Este tipo de livro costuma vender bem. É, no entanto, preciso separar o joio do trigo. Ou seja, diferenciar as empulhações das iniciativas com um mínimo de credibilidade.

Há editoras sérias, como a inglesa Routledge, que se especializaram nisso e procuram fugir da banalidade e do mercantilismo entregando a coordenação dessas empreitadas a profissionais experientes e sérios, comprometidos com a pesquisa rigorosa.

Dois bons livros desta linhagem podem ajudar o leitor comum a começar a entender um pouco as linhas mestras que norteiam o pensamento quase sempre intrincado e hermético de nomes como Foucault, Derrida, Hobsbawm, Baudrillard, Bourdieu, Adorno, Saussure e muitos outros.

Ambos começam com o número 50 em seus títulos. A Bertrand Brasil oferece uma boa tradução de 50 Pensadores Contemporâneos Essenciais, de John Lechte; e a Contexto lança 50 Grandes Pensadores da História, de Marnie Hughes-Warrington.

Não se trata de livros baratos. O primeiro custa R$ 38 e o segundo, R$ 49. Especialmente o livro sobre os 50 historiadores valeria inteiramente o investimento se tivesse sido mais cuidadosamente adaptado à nossa realidade editorial. Explico: como cada verbete, de quatro a dez páginas, inclui uma bibliografia não só de obras do historiador como de estudos sobre ele, não houve nunca a preocupação de informar ao leitor quais as obras disponíveis em português. Nenhuma tradução de obras do historiador Eric Hobsbawm é citada; remete-se sempre à edição inglesa. Ora, sabemos que praticamente todos os livros de Hobsbawm foram traduzidos e constituem relativos êxitos de venda no Brasil (A Era dos Extremos, por exemplo, e o recentíssimo Tempos Interessantes, ambos da Companhia das Letras). Cochilo sério porque trava um dos objetivos fundamentais de livros como este, que é o de remeter o leitor para o exame direto de obras do autor enfocado.

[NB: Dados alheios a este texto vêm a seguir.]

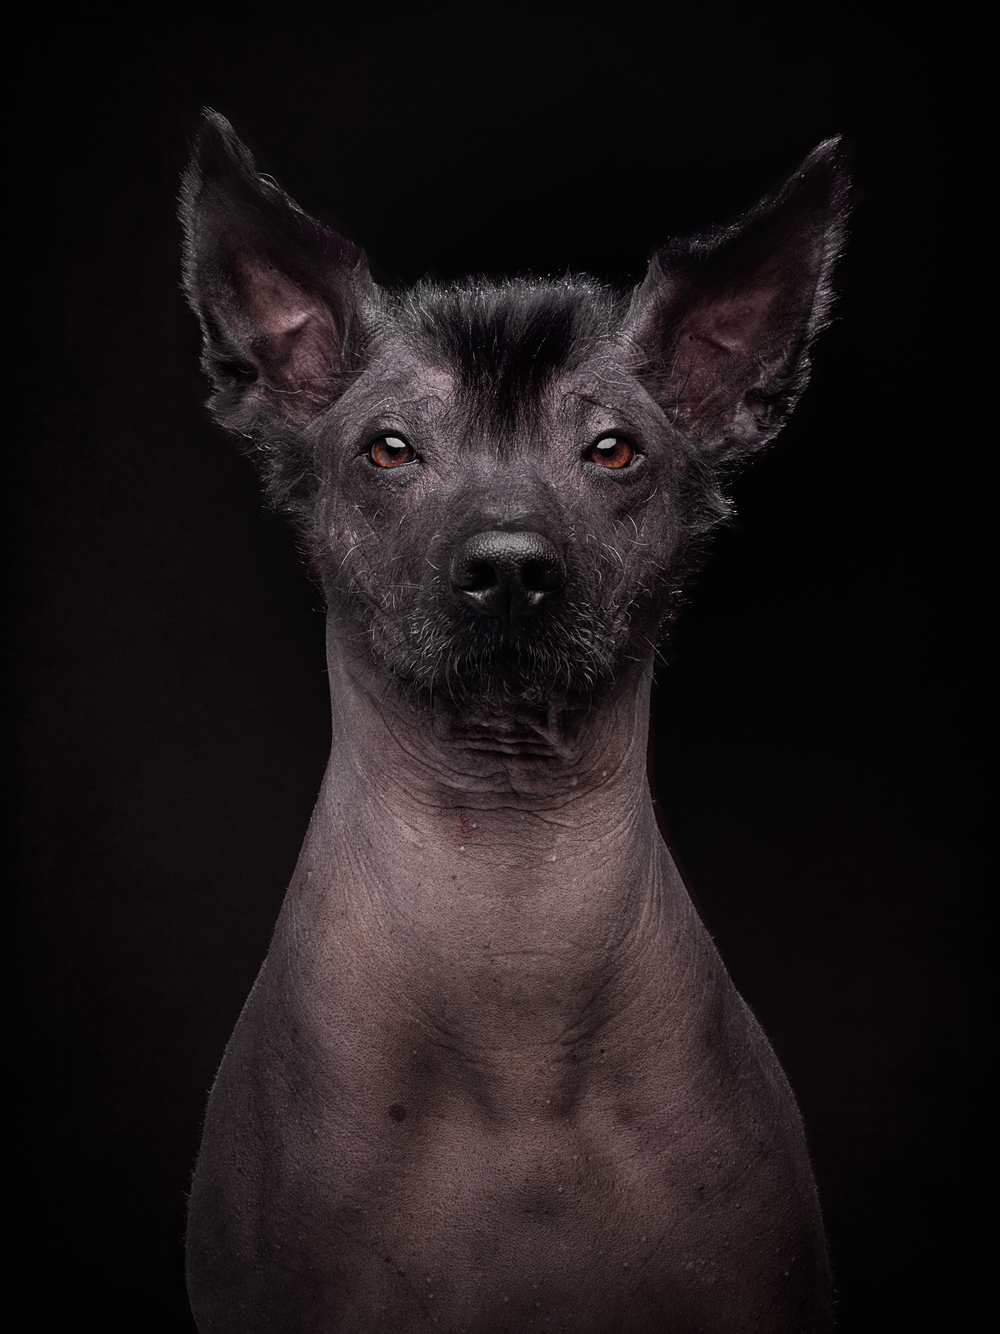 naked-dogs-klausdyba-28.jpg

Já o livro da Bertrand Brasil sobre os pensadores contemporâneos preocupa-se em fornecer as indicações da bibliografia disponível em português (nem sempre, já que por exemplo não cita traduções brasileiras de livros como Prismas ou Minima Moralia, de Adorno, disponíveis em edições da Ática). E, além disso, é melhor estruturado. As duas seções iniciais vão de Bachelard, Canguilhem, Freud, Mauss e Merleau-Ponty (nomes que construíram as bases do estruturalismo) até as figuras-chaves mais associadas a ele, como Althusser, Bourdieu, Gérard Genette, Jakobson, Lacan, Lévi-Strauss e Michel Serres.

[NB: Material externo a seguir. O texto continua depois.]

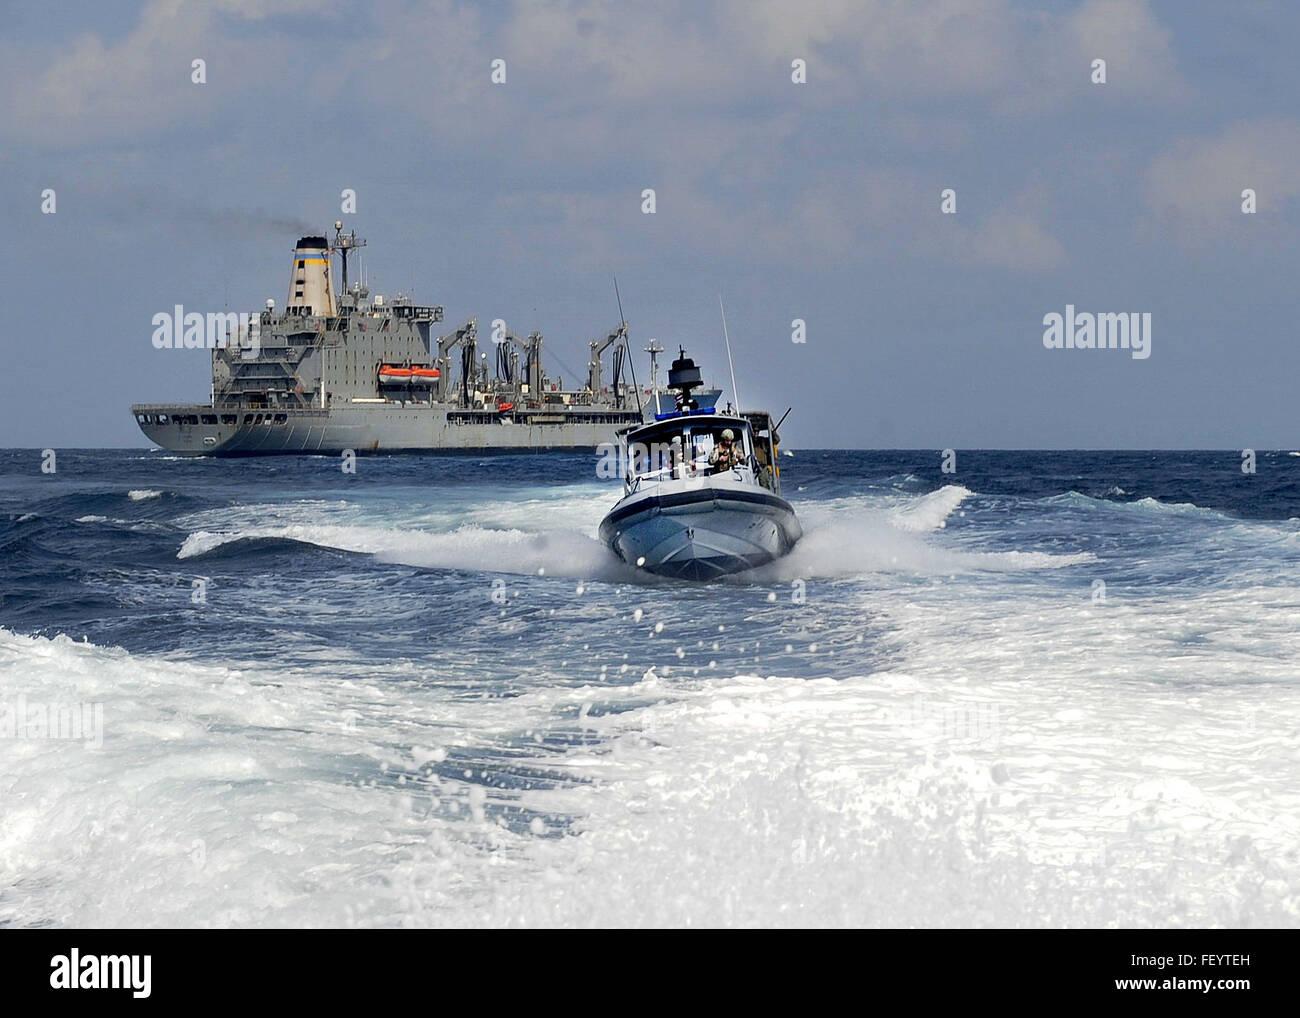 DJIBOUTI (Jan. 9, 2016) Coastal Riverine Squadron (CRS) 10, forward deployed to Camp Lemonnier, Djibouti, Africa, - Stock Image

 A seqüência cronológica segue com o pensamento pós-estruturalista, no qual brilham Bataille, Deleuze, Derrida, Foucault e Levinas; e desemboca na semiótica, na qual vale a pena, por exemplo, ler o pequeno mas rico perfil de Roland Barthes. As seções seguintes abordam o pós-marxismo (Adorno, Arendt, Habermas e o amigo de FHC Alain Touraine); a Modernidade (Walter Benjamin, Blanchot, Nietszche e Sollers) e alcançam até a Pós-Modernidade (Baudrillard, Duras, Kafka e o sumo-sacerdote do movimento Jean-François Lyotard). Trata-se, portanto, de uma bem-sucedida tentativa de levar o leitor a situar-se com alguma segurança nesta floresta cerrada de conceitos que tentam explicar o mundo, nosso destino e nosso futuro.

Pelo contrário, justiça seja feita, o objetivo de 50 Pensadores da História é cronológico. Isto é, vai do pai dos historiadores, o grego Heródoto (484-424 aC.), até Francis Fukuyama, nascido em 1952, que decretou O Fim da História, em um polêmico livro poucos anos atrás. E, detalhe fundamental, se esquecermos a falta de indicação bibliográfica em português, o livro é excepcional. No capítulo sobre Hobsbawm, por exemplo, Marnie Hughes-Warrington consegue sintetizar sem empobrecer a postura deste formidável pensador, que nos últimos anos vem se desnudando de modo fulminante para seus leitores em autobiografias de uma honestidade pessoal e intelectual inatacáveis.